This chapter covers the four most important optimizations and — crucially — which bottleneck each one attacks. Recall from Chapter 06 that prefill is compute-bound and decode is memory-bound → Ch.06. Different optimizations target different bottlenecks, which is exactly why they stack rather than overlap.

FlashAttention — never write the giant matrix

Attention is the most expensive operation in a transformer. The naive way to compute it has a hidden performance killer: it creates an enormous intermediate matrix and writes it to slow memory. FlashAttention eliminates that write entirely. To understand how, we need to revisit the two kinds of GPU memory → Ch.01.

The memory hierarchy — the root of the problem

A GPU has two relevant kinds of memory. HBM (High Bandwidth Memory) is large — tens of gigabytes — but relatively slow. SRAM (on-chip memory) is tiny — a few megabytes — but extraordinarily fast, maybe 10× the bandwidth of HBM. The catch: SRAM is far too small to hold the big intermediate results of attention. So naive attention computes a result in SRAM, writes it out to HBM, reads it back, and so on — and all that HBM traffic is the bottleneck.

What naive attention does wrong

For a sequence of N tokens, naive attention computes an N×N matrix of attention scores — every token's relationship to every other token. For N=4,000 tokens, that's a 4,000×4,000 matrix = 16 million numbers, per attention head, per layer. This giant matrix is written to HBM, read back for the softmax, written again, read again. The matrix itself is never the final output — it's a throwaway intermediate — but moving it to and from HBM dominates the time.

The Mental Math Analogy Imagine adding a long list of 1,000 numbers. The naive approach: write every running subtotal on paper (slow HBM), reading and writing constantly. The FlashAttention approach: keep a running total in your head (fast SRAM), processing the numbers in small chunks, never writing intermediate subtotals to paper at all. You only write the final answer. Same result, but you've eliminated nearly all the slow paper-writing. FlashAttention processes attention in small tiles that fit in SRAM, keeping running totals on-chip and never materialising the full N×N matrix in HBM.

Tiling — the core trick

Tiling means breaking the big computation into small blocks ("tiles") that each fit in fast SRAM. FlashAttention loads a tile of queries and a tile of keys into SRAM, computes their partial attention, updates a running result, then moves to the next tile — all without ever writing the full attention matrix to HBM. Through a clever running-softmax technique, it produces exactly the same answer as naive attention, but with a fraction of the HBM traffic.

HBM traffic — naive vs FlashAttention (4k tokens)
Naive attention
writes full 16M-element matrix to HBM
FlashAttention
~8×

By never materialising the N×N matrix in HBM, FlashAttention reduces memory traffic dramatically — often 5–10× less HBM I/O for long sequences. Since attention is memory-bound, less HBM traffic translates almost directly to speedup. It also reduces memory usage: the O(N²) matrix never exists, so memory scales linearly with sequence length instead of quadratically.

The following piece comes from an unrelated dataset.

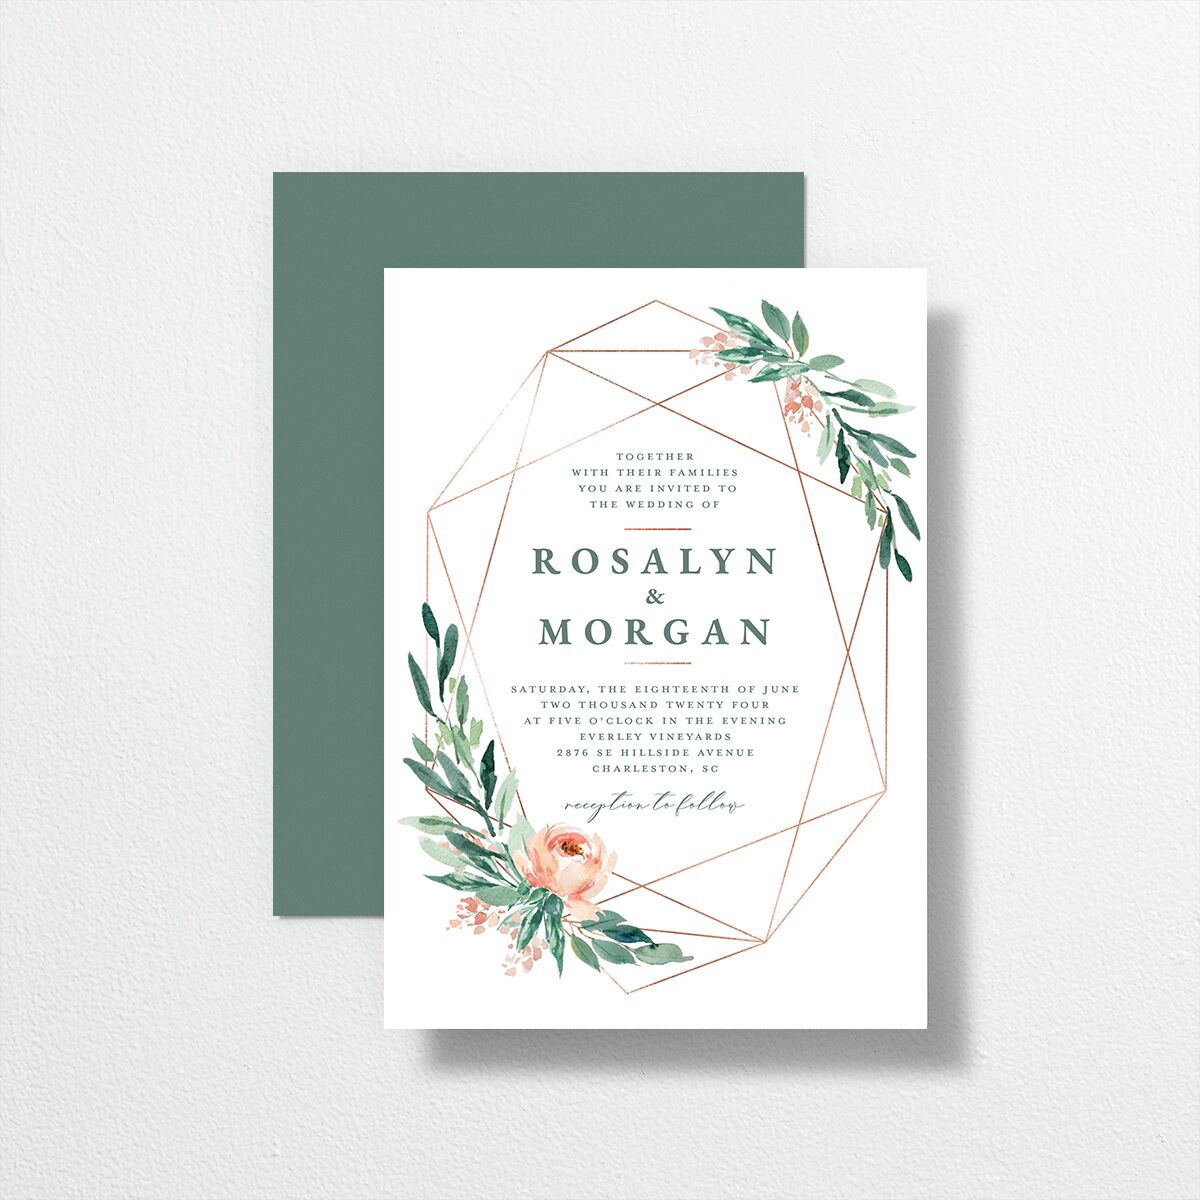 Gilded Botanical Wedding Invitations front-and-back in green

nano-vLLM uses FlashAttention as a library nano-vLLM doesn't implement FlashAttention from scratch — it calls the flash-attn library's functions: flash_attn_varlen_func for prefill and flash_attn_with_kvcache for decode → Ch.06. These are highly optimised CUDA kernels written by experts. This is the right engineering choice: use the battle-tested implementation for the single most performance-critical operation, rather than reinventing it.

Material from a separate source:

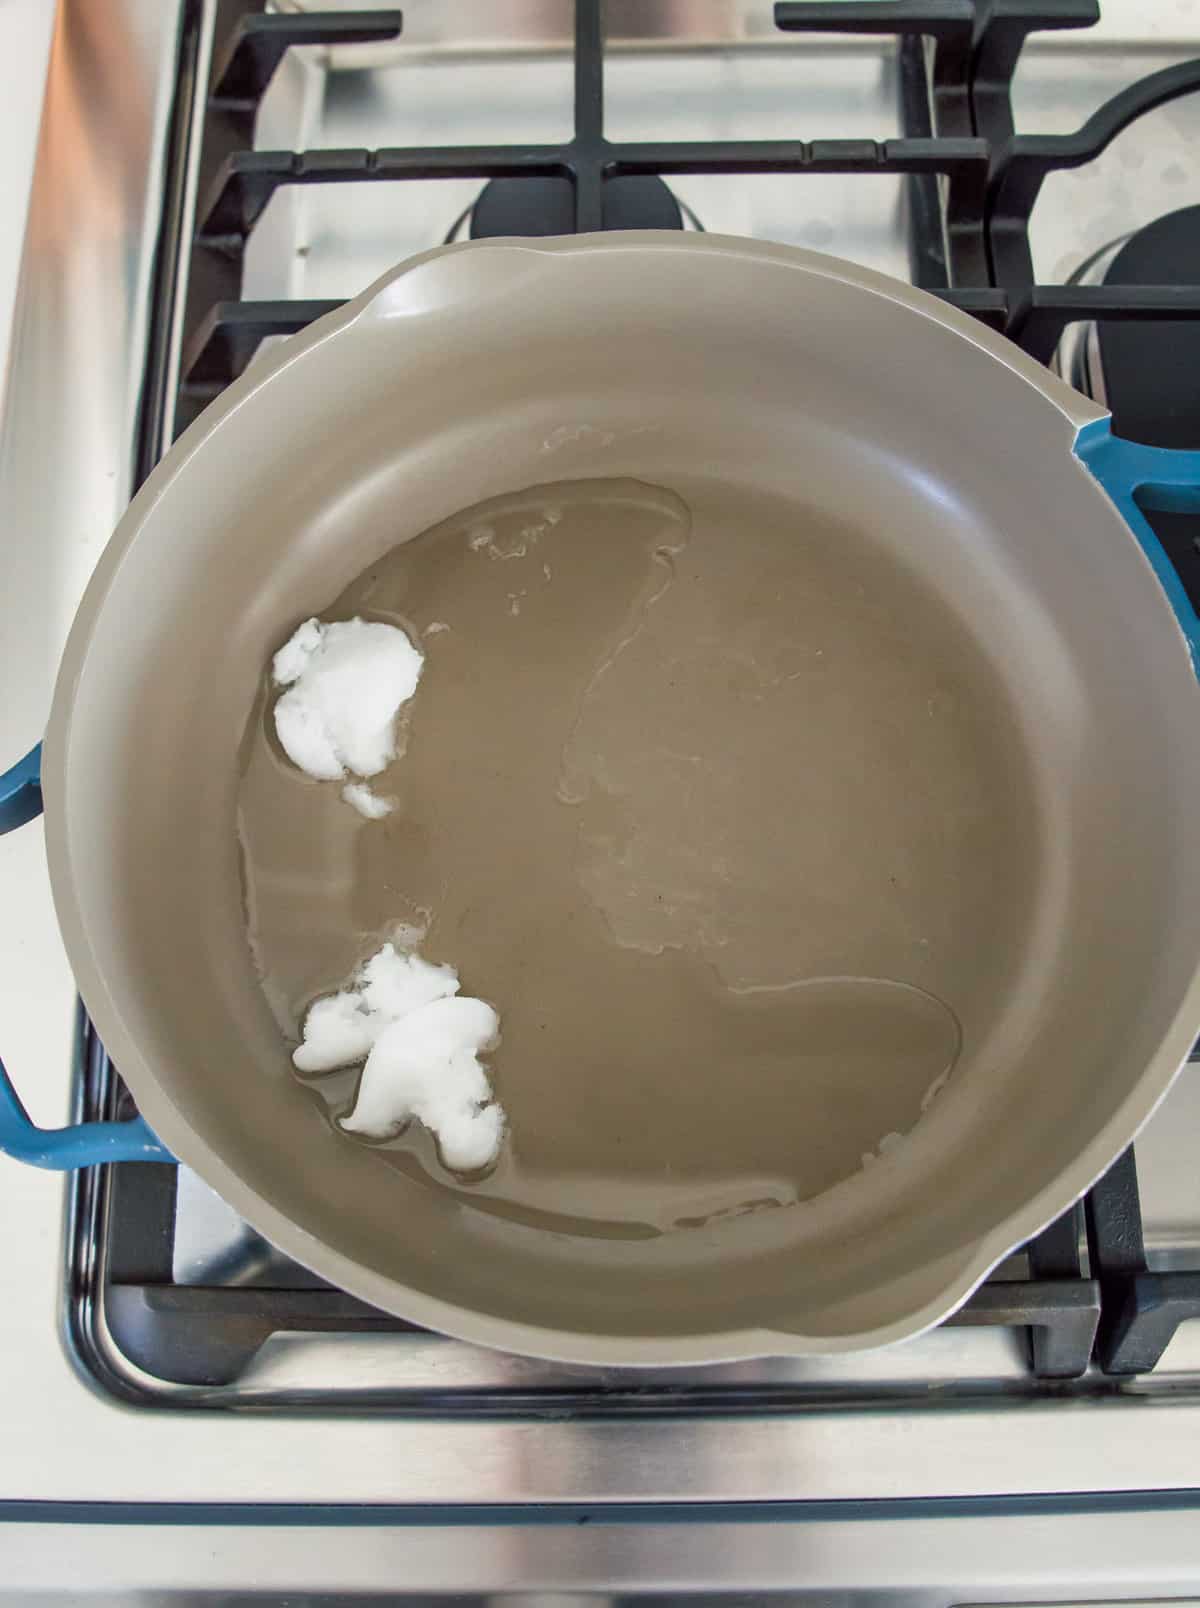 A blue frying pan on the stovetop with coconut oil in it.

Kernel fusion — do more per trip to memory

To understand kernel fusion, first understand what a kernel is: a single function that runs on the GPU → Ch.03. Every operation — add, multiply, normalise — is a kernel. Each kernel reads its inputs from HBM, computes, and writes its output back to HBM. The problem: if you run ten small kernels in sequence, you pay for ten round-trips to slow HBM, even though the data could have stayed on-chip between steps.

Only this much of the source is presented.